Rain was in the forecast Sunday and IndyCar rules guarantee each non-qualified driver one shot in a random order. As qualifying started with rain clouds threatening, Patrick's team made an improper adjustment and the car failed qualifying technical inspection. Patrick, by default, had missed her guaranteed opportunity and was pushed to the back of the line.

Two drivers were able to qualify before the rain came. After the track dried, all but one driver was able to make a qualifying run. But as Patrick sat in her lime green No. 7, the rain started to fall again. On track before her was open wheel champion Paul Tracy, who failed to qualify last year. He impressively completed a fast run. He later said the rain drops were causing his 230-mph race car to skate through the corners.

Tracy would be the last qualifier before rain became heavy enough that IRL officials stopped time trials with Danica seated, strapped in and ready to go.

For the next few hours, there was a very real possibility that Patrick could miss the Indianapolis 500.

Keep in mind, the 500 was where "Danica" became a household name in 2005 when she became the first woman to ever lead the storied race. The 500 was where Patrick infamously marched up pit road after an incident with Ryan Briscoe knocked her from the race. The 500 is what made Danica Patrick.

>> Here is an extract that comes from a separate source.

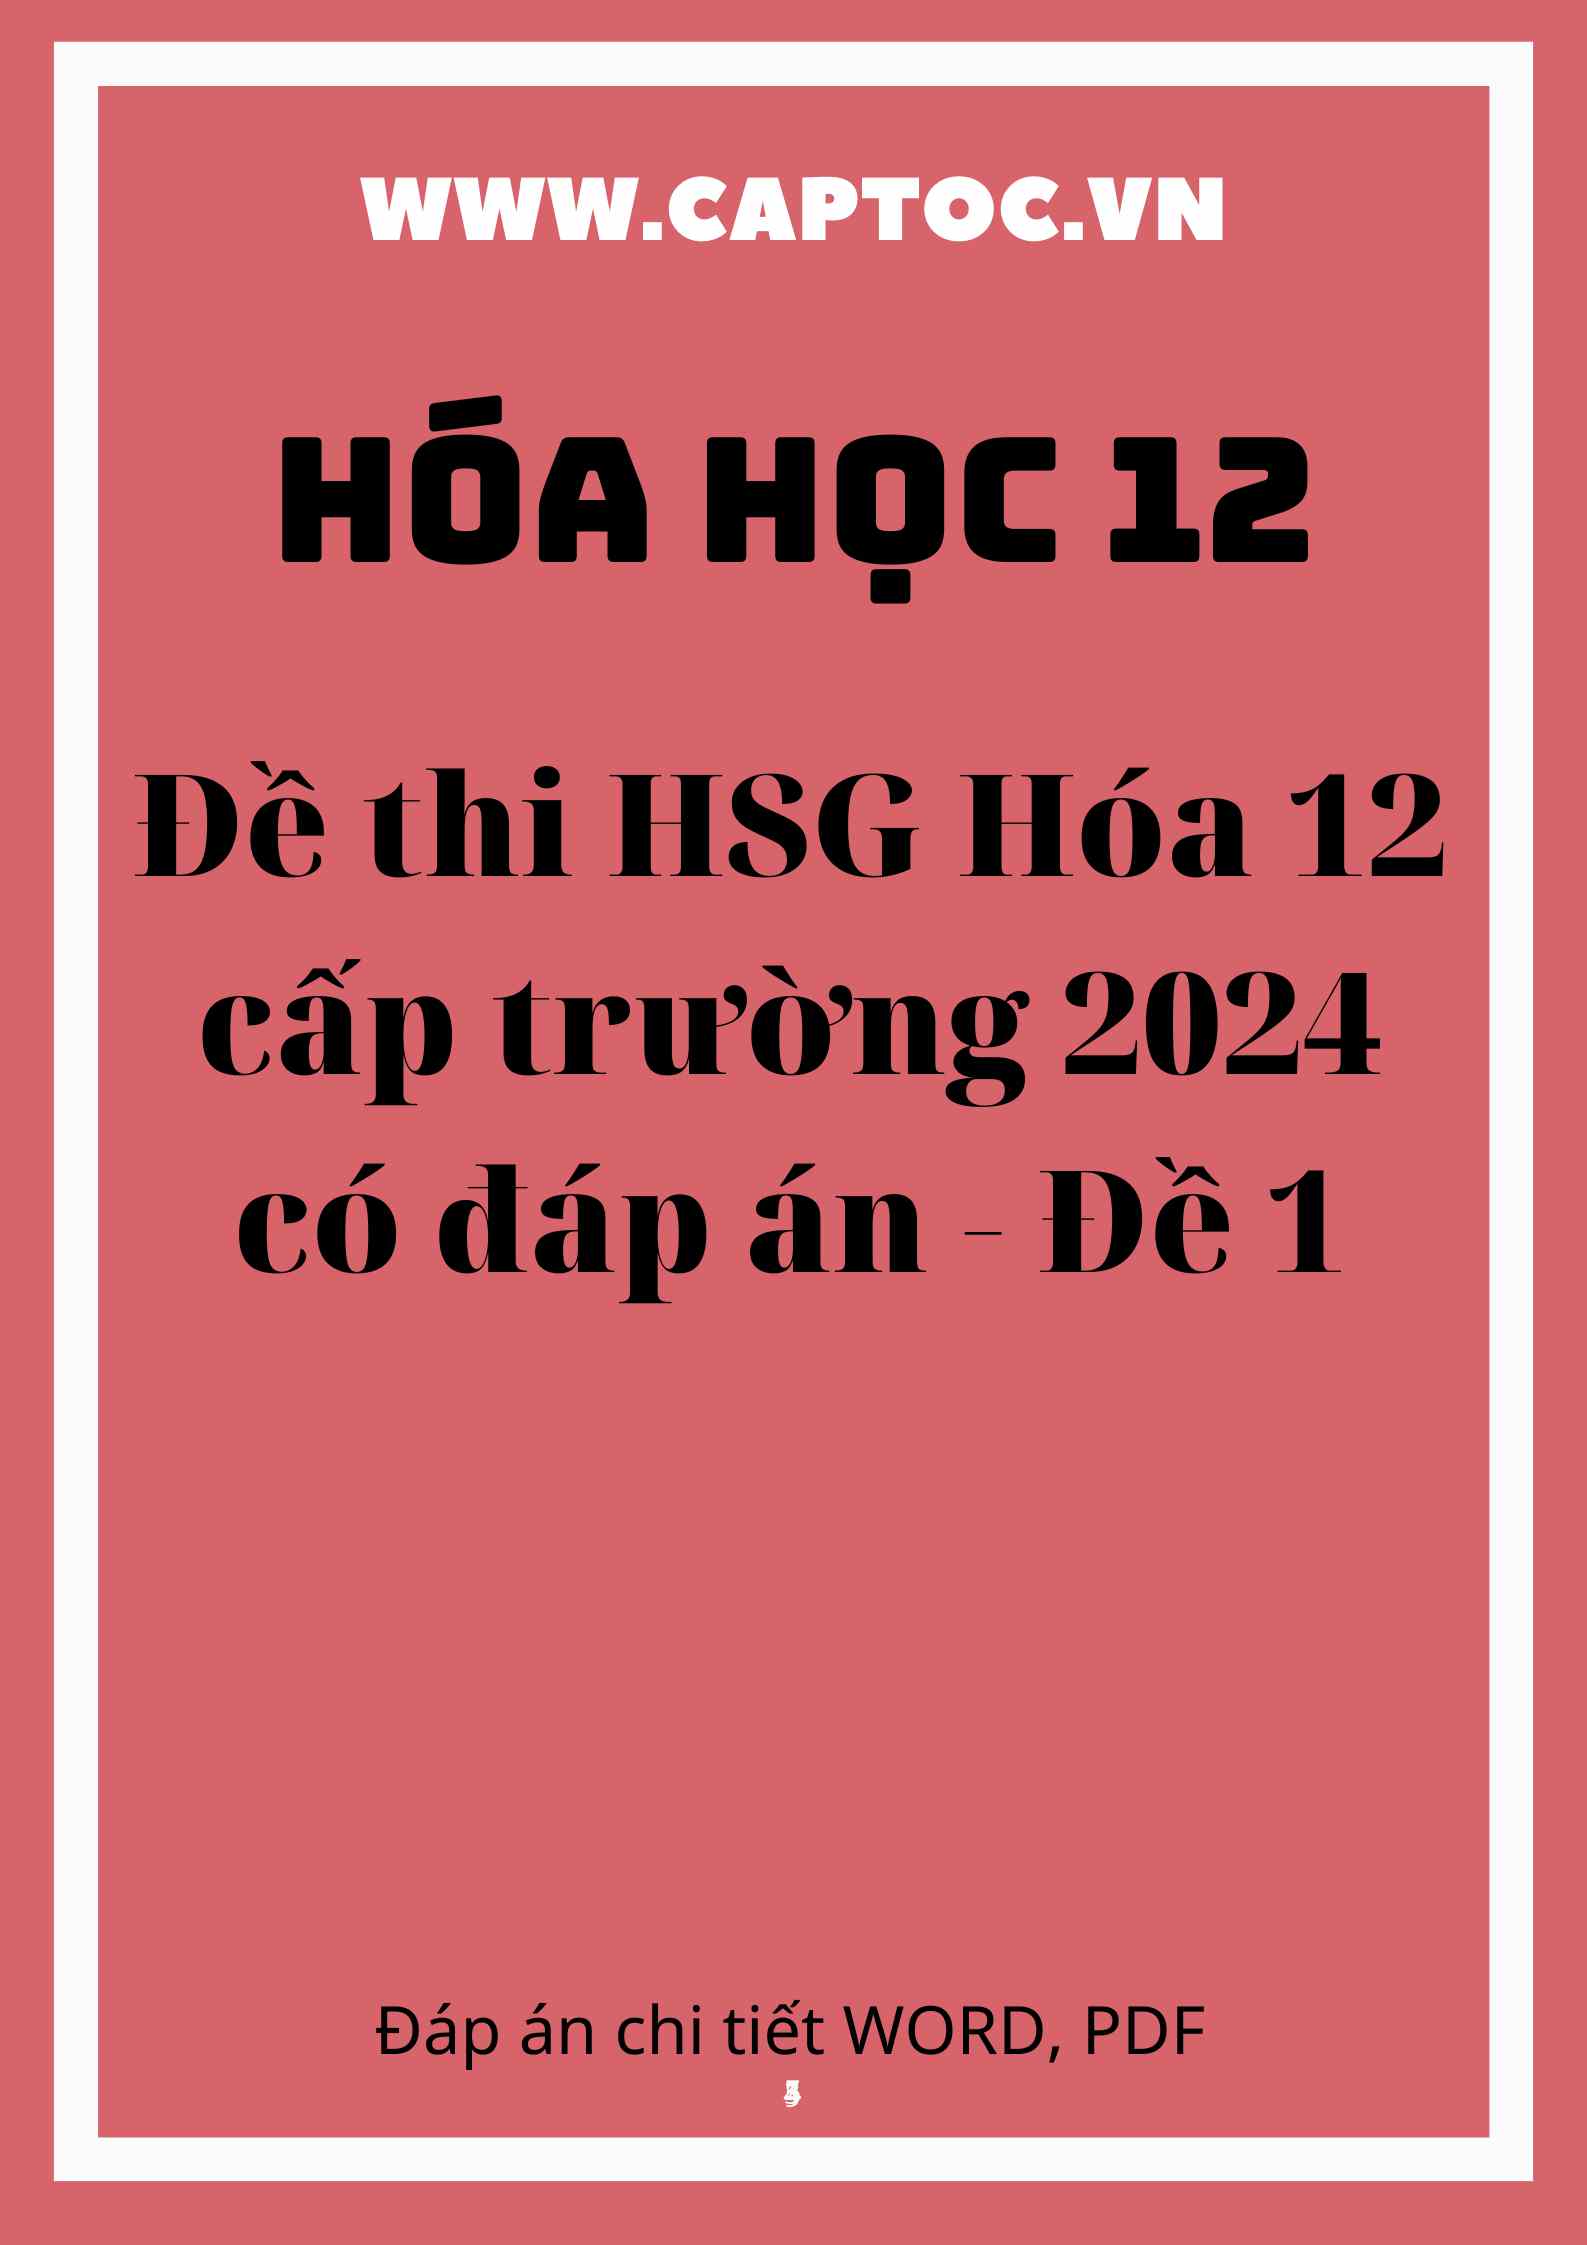 Đề thi HSG Hóa 12 cấp trường 2024 có đáp án - Đề 1

But just as the media center was abuzz and the questions started to fly – would Danica buy her way into the 500 field? – the skies cleared for the second time. In what might be an unofficial record for track drying at Indianapolis, the 2.5-mile behemoth opened again just before 5 p.m. Just 1 hour, 31 minutes after her qualifying run was put on hold, Patrick finally took the course.

Four laps at 224.861 mph later, Patrick had sent in a no-doubter of her own by qualifying 26th. She became the fourth woman in the 2011 field, along with Simona De Silvestro, Pippa Mann and Ana Beatriz.

"That's Indy," Patrick said. "I've always said that this place is its own person. It reads you when you're nervous. It reads you when you're not confident. It reads you when you are. It throws a lot at you, but that's why this is the greatest racetrack in the world."

This weekend at Indianapolis went a long way to prove that. And more importantly, it may have proven that to a generation of fans jaded from open-wheel's 1995 split.

Is the Indianapolis 500 back? That's a question I know my authority can't answer. But I sure won't miss next Sunday's 500 miles in a bid to find out.